If you launch vmware-view in a console you get a little more insight into what’s going on:

RDP Client(10222): WARNING: Unknown -r argument
2017-02-26 14:06:53.817-07:00: vmware-view 7858| RDP Client(10222): 
2017-02-26 14:06:53.817-07:00: vmware-view 7858| RDP Client(10222): Possible arguments are: comport, disk, lptport, printer, sound, clipboard, scard

After much frustration I was able to combine documentation from vmware and freerdp in order to finally get the right combination of arguments to get things working again. I read that freerdp works better than rdesktop with this version, so I tried launching vmware-view with this option:

vmware-view --rdpclient="xfreerdp"

Progress – at least now the error message was different.

RDP Client(20799): [14:04:04:097] [20799:20803] [ERROR][com.freerdp.crypto] - certificate not trusted, aborting.

After more investigation the culprit turned out to be crypto negotiation. Since I’m already connected to the truste work VMware server, I don’t really care about certificate validation. This is what finally got me up and running. The key components are the rdpclient and the /cert-ignore options.

vmware-view --rdpclient="xfreerdp" --xfreerdpOptions="-wallpaper /sound:sys:alsa /cert-ignore"
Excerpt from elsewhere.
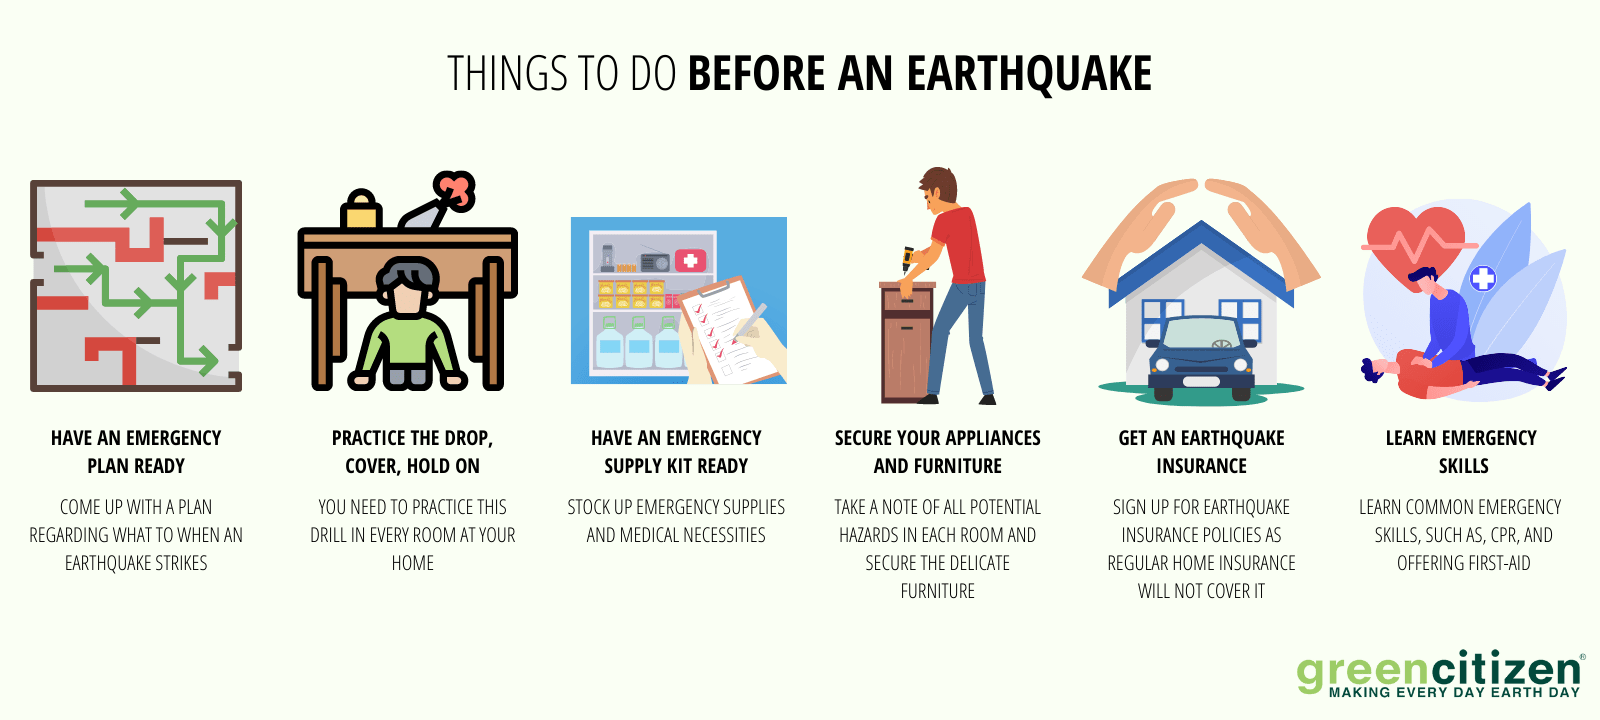 Earthquake safety preparation

You can include these options in your ~/.vmware/view-preferences config file so you don’t have to manually add all those switches:

echo 'view.rdpClient = "xfreerdp"
view.xfreerdpOptions = "-wallpaper /sound:sys:alsa /cert-ignore"' >> ~/.vmware/view-preferences

Finally RDP via vmware-view is working in Linux again.


Update 11/18/2018: I was having a very annoying issue with sound on my Debian Jessie box. If the system I was remoted into made any sound, it would corrupt the sound on my machine. It would make every sound sound tinny and fuzzy. I would have to run pulseaudio -k to fix it.

It turns out this was caused by /sound:sys:alsa above. I changed that to be /sound:sys:pulse and all was well.